28 MAJA 2096: ŚMIERĆ

Gaeta przetarł wizjer hełmu rękawicą; zostawiała czarne smugi na szkłostali. Dalej Fritz, poganiał go w duchu. Tracę powietrze. Wszystkie kontrolki systemu podtrzymywania życia świeciły już na czerwono.

— Zawartość tlenu na poziomie krytycznym — rozległ się głos komputera skafandra. — Przy obecnym tempie utraty powietrza, powietrze skończy się za dwanaście minut.

W skafandrze jest powietrze, powiedział sobie Gaeta. Skafander jest pełen powietrza.
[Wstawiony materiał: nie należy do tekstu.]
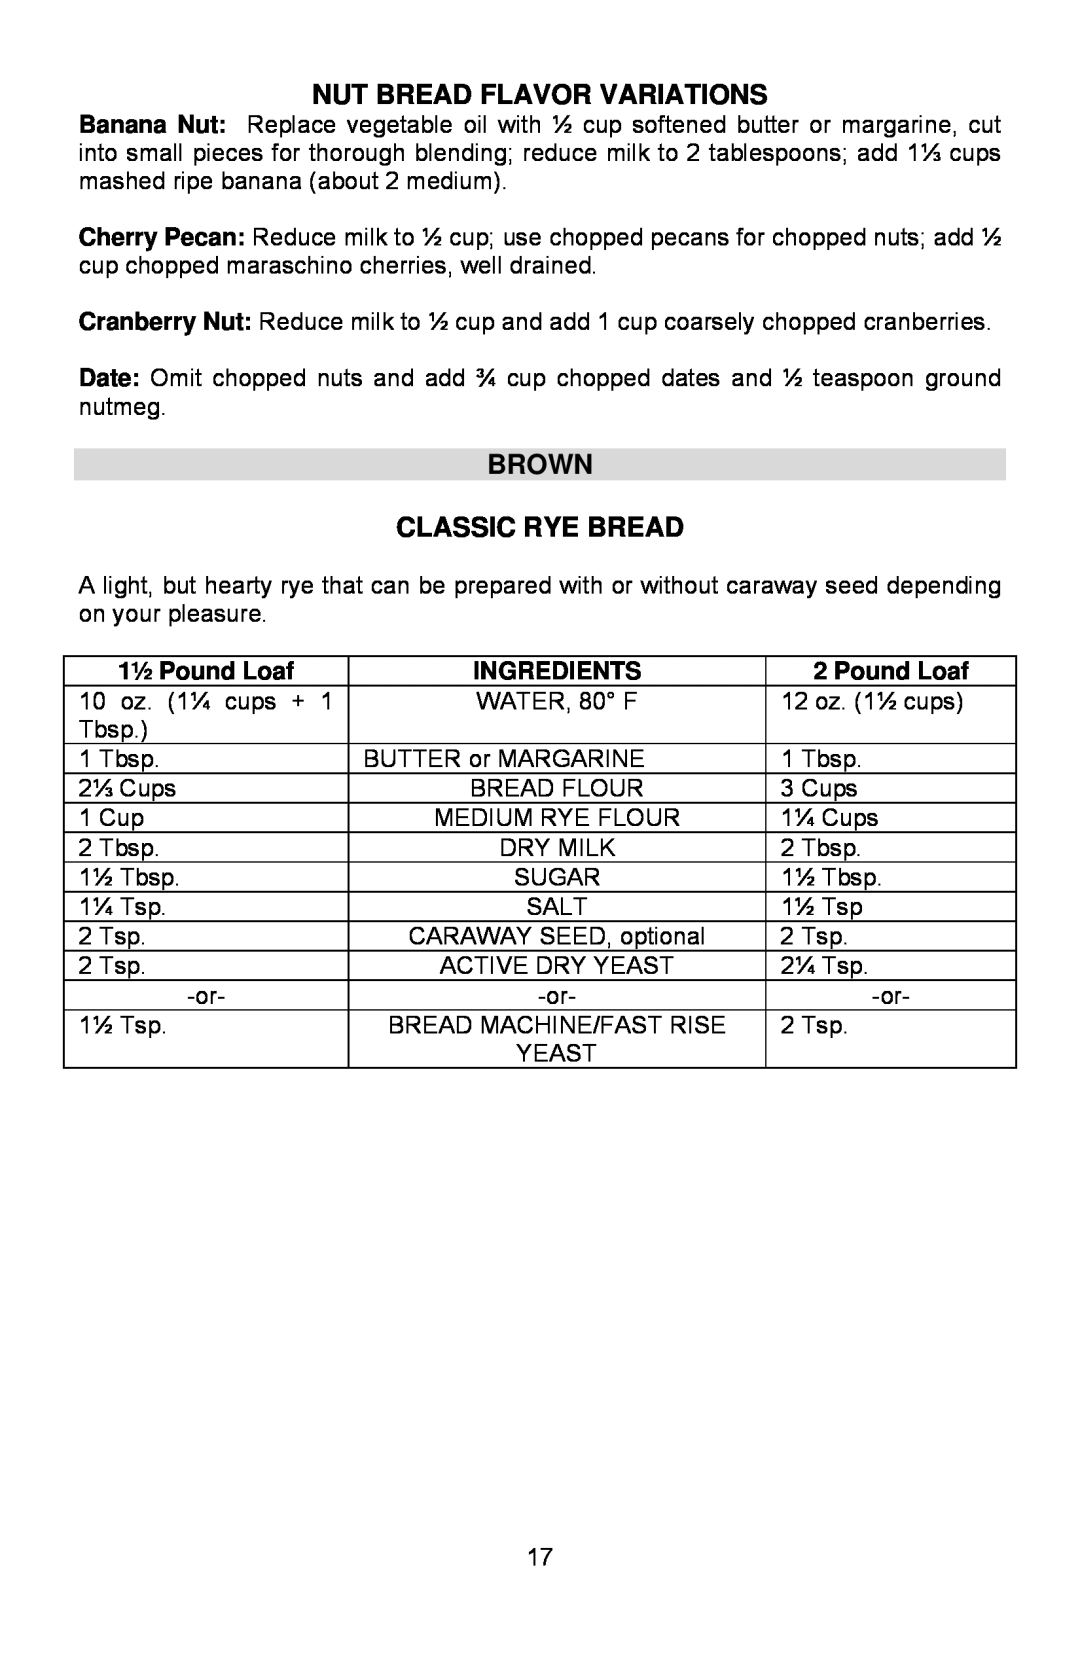 West Bend L5689A instruction manual Nut Bread Flavor Variations, Brown Classic Rye Bread, 1½ Pound Loaf, Ingredients 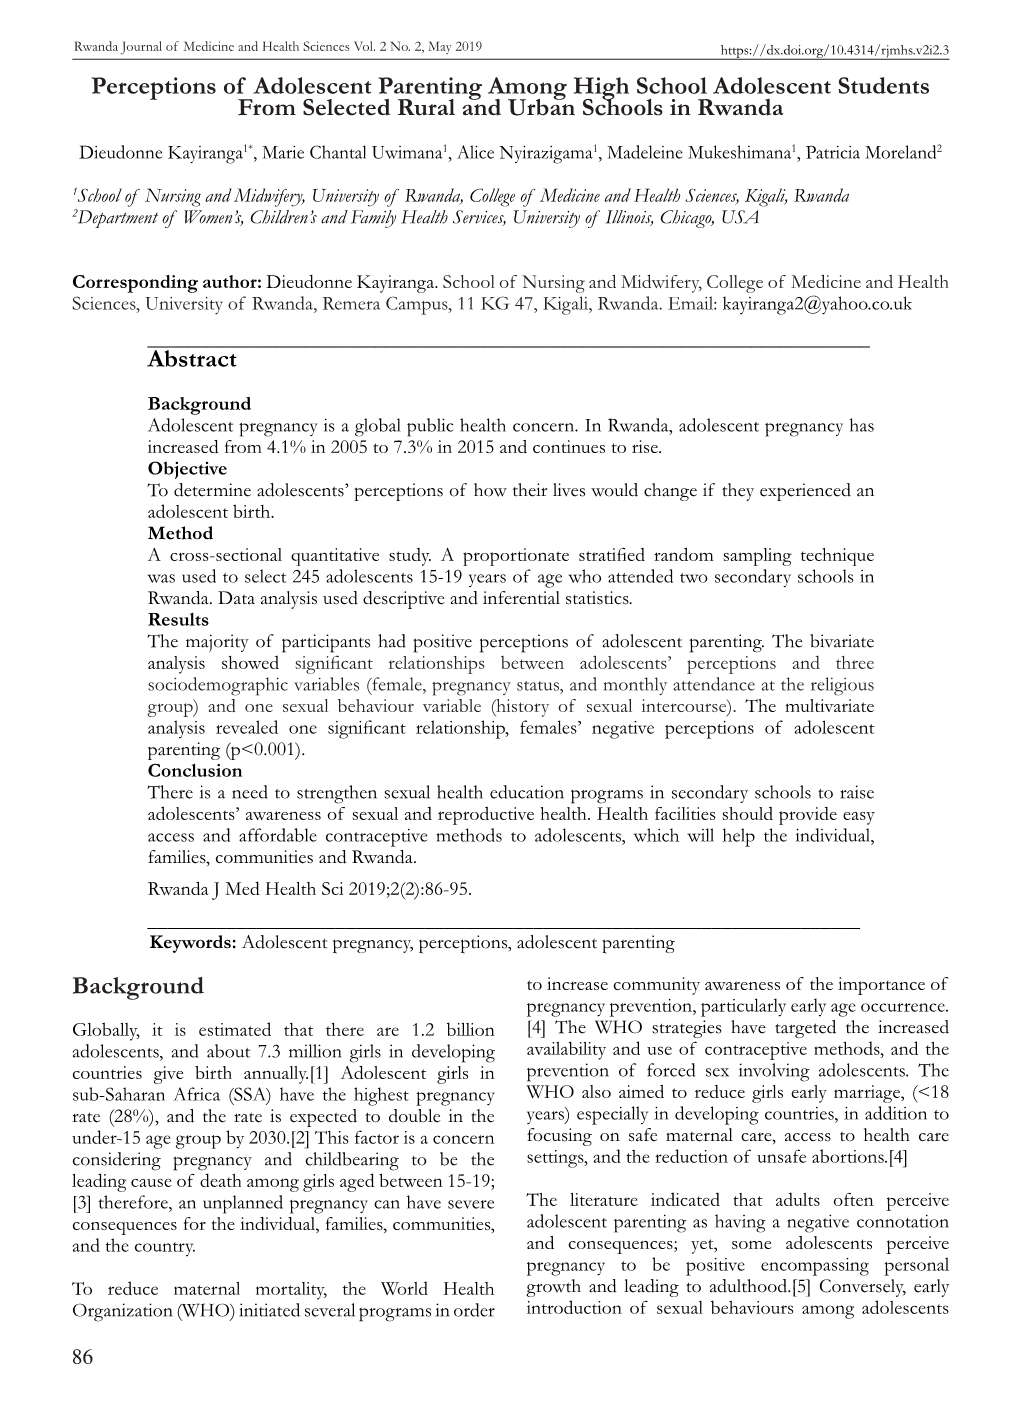 Perceptions of Adolescent Parenting Among High School Adolescent Students from Selected Rural and Urban Schools in Rwanda

Jeśli nawet w zbiorniku będzie pusto, mogę wytrzymać jakieś piętnaście minut, zanim zużyję tlen ze skafandra.

Spojrzał na wirujące ciemne płatki. Zasobnik ewakuacyjny gdzieś tam jest, z mojej prawej strony. Siedemdziesiąt dwa metry. Mógłbym rzucić piłkę na taką odległość. No, prawie. Pewnie teraz jest pokryty tym czarnym paskudztwem, ale jeśli dotrę w pobliże, zobaczę go, będzie sterczał, jak pękata budka telefoniczna.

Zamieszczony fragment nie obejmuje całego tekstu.